Segment Start: THE DATA

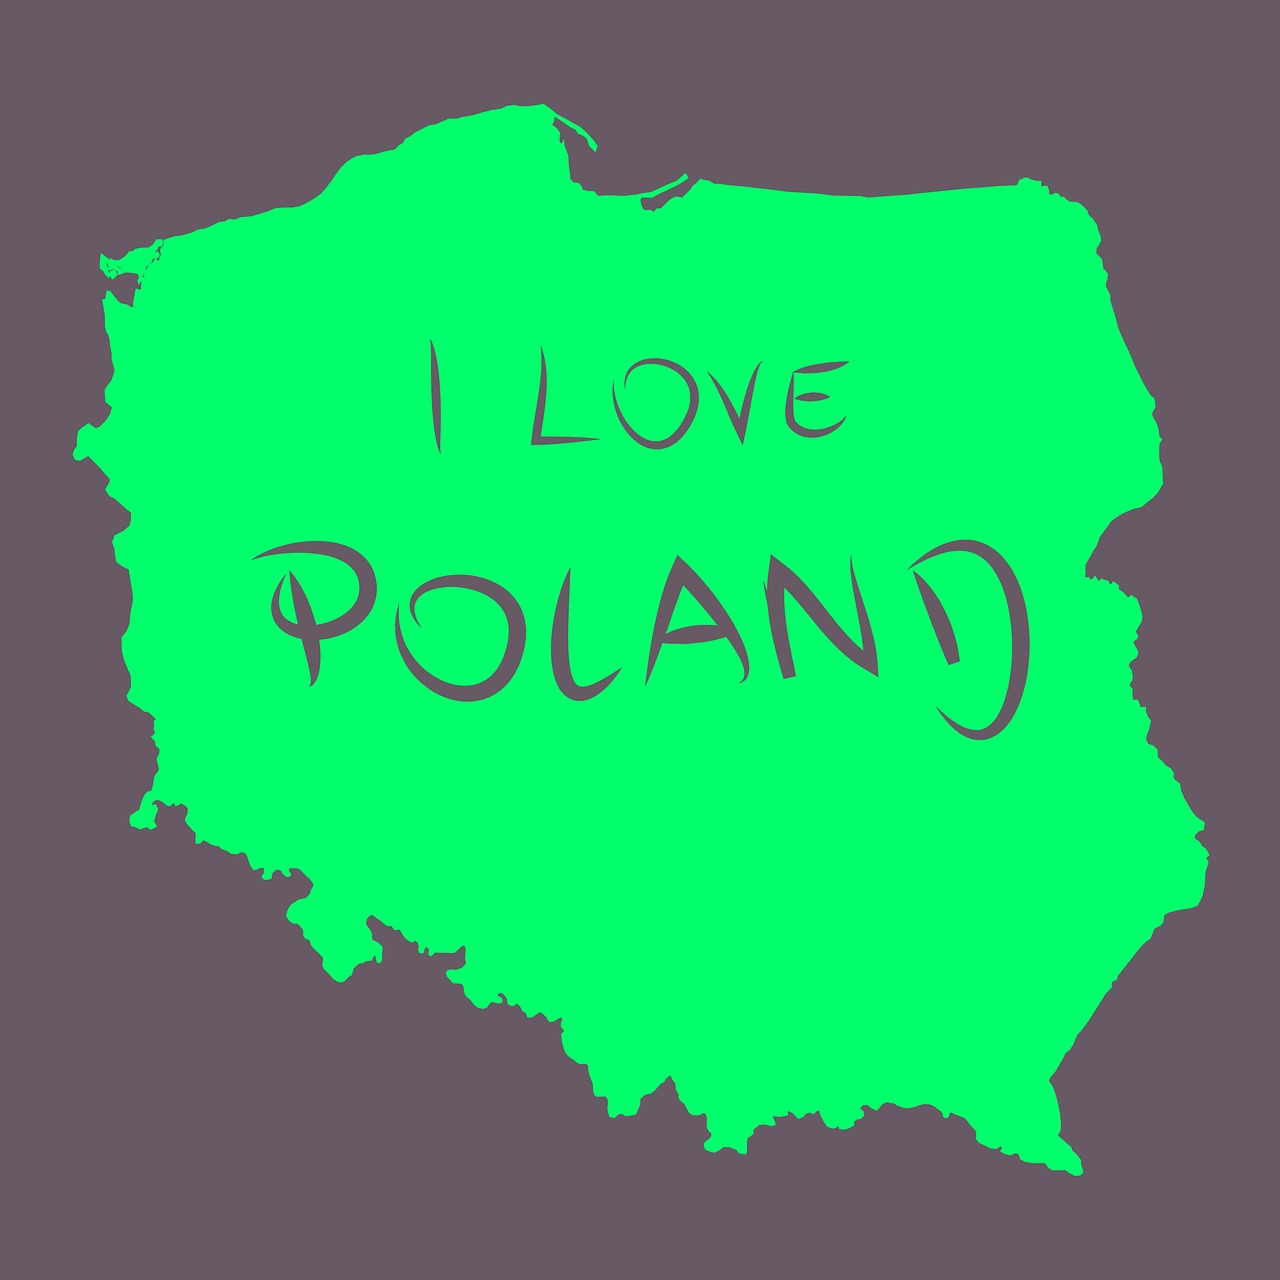 poland map of poland country free photo
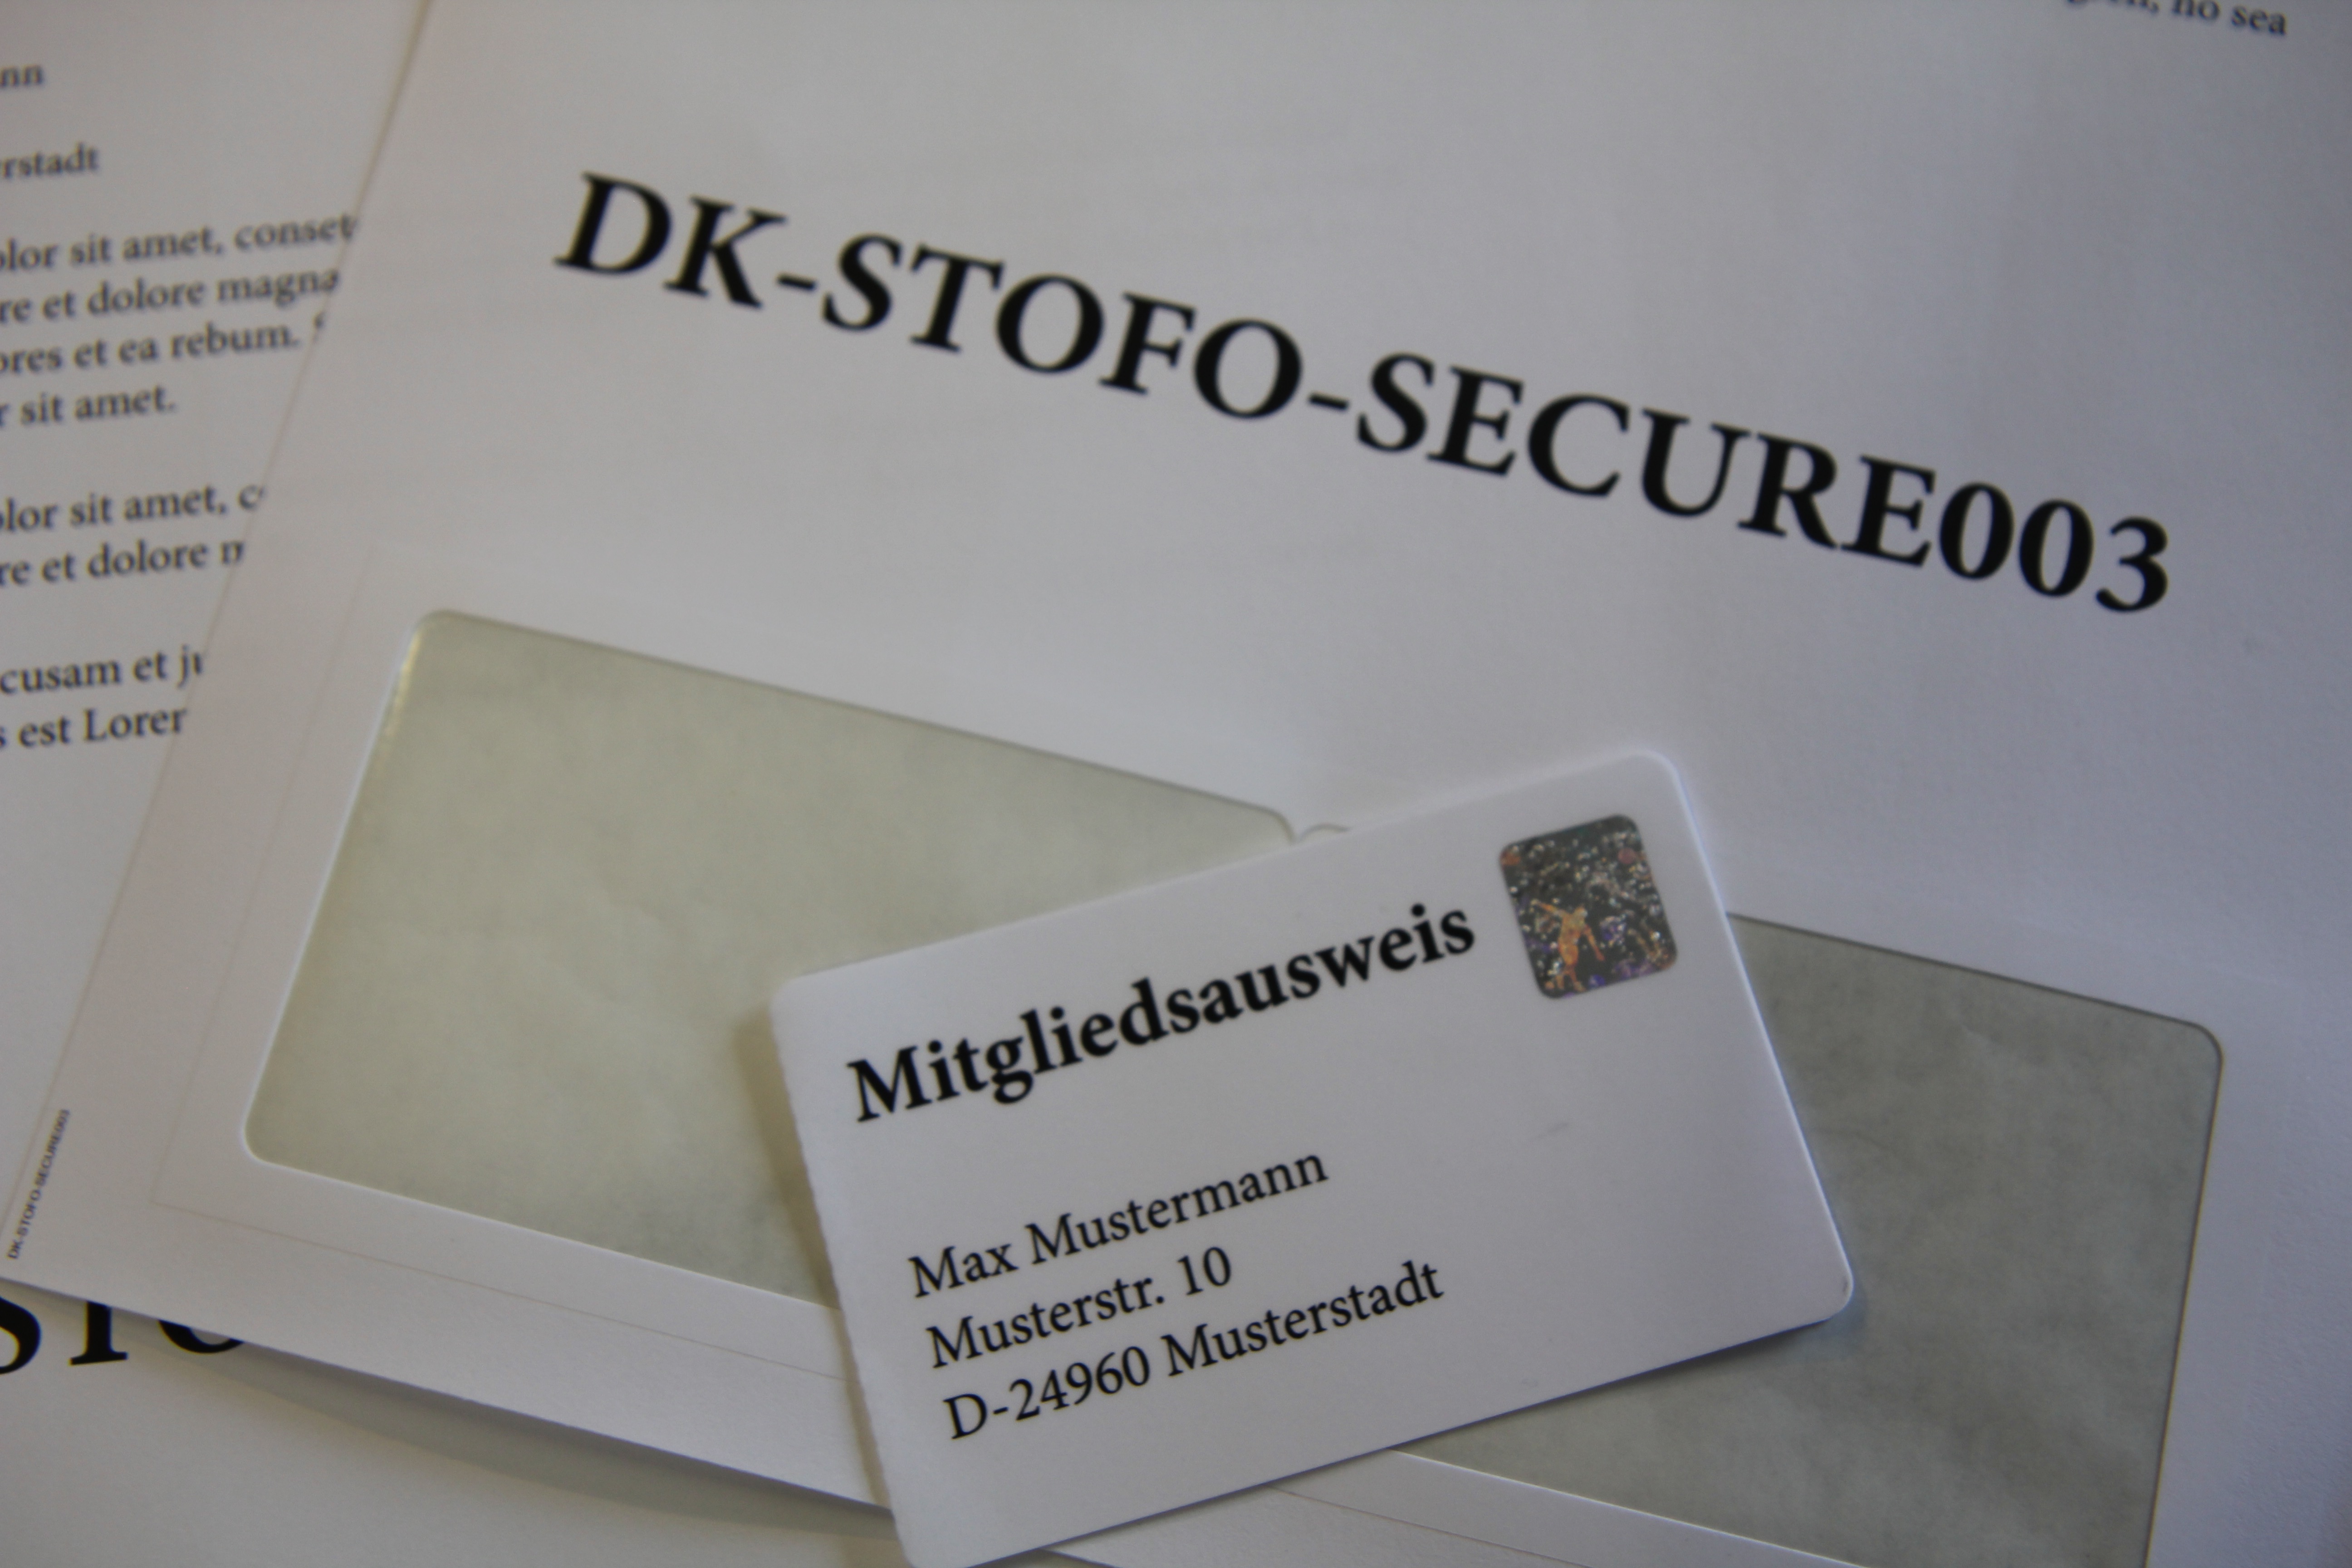 DK-STOFO-SECURE003 Box
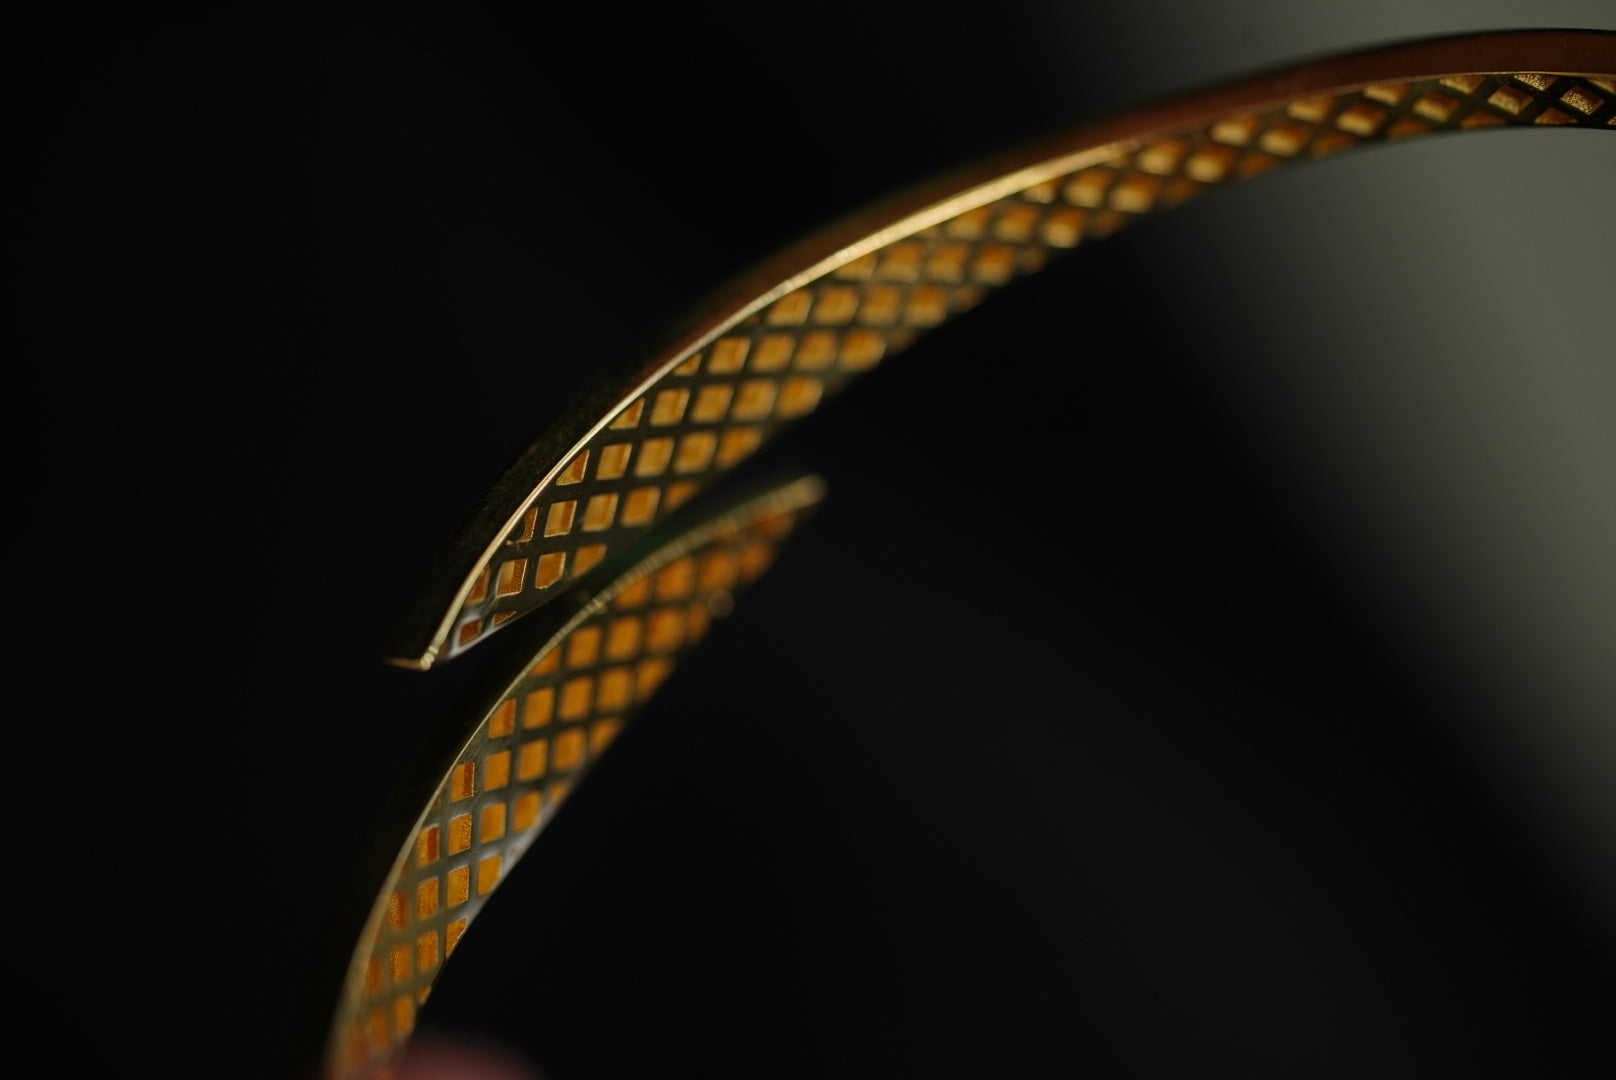 14k Gold Leaves Bangle Bracelet

Segment End: THE DATA

Could you print the data exactly as it appears and keep the pictures out?

ANSWER SPACE →
 poland map of poland country free photo
 DK-STOFO-SECURE003 Box
 14k Gold Leaves Bangle Bracelet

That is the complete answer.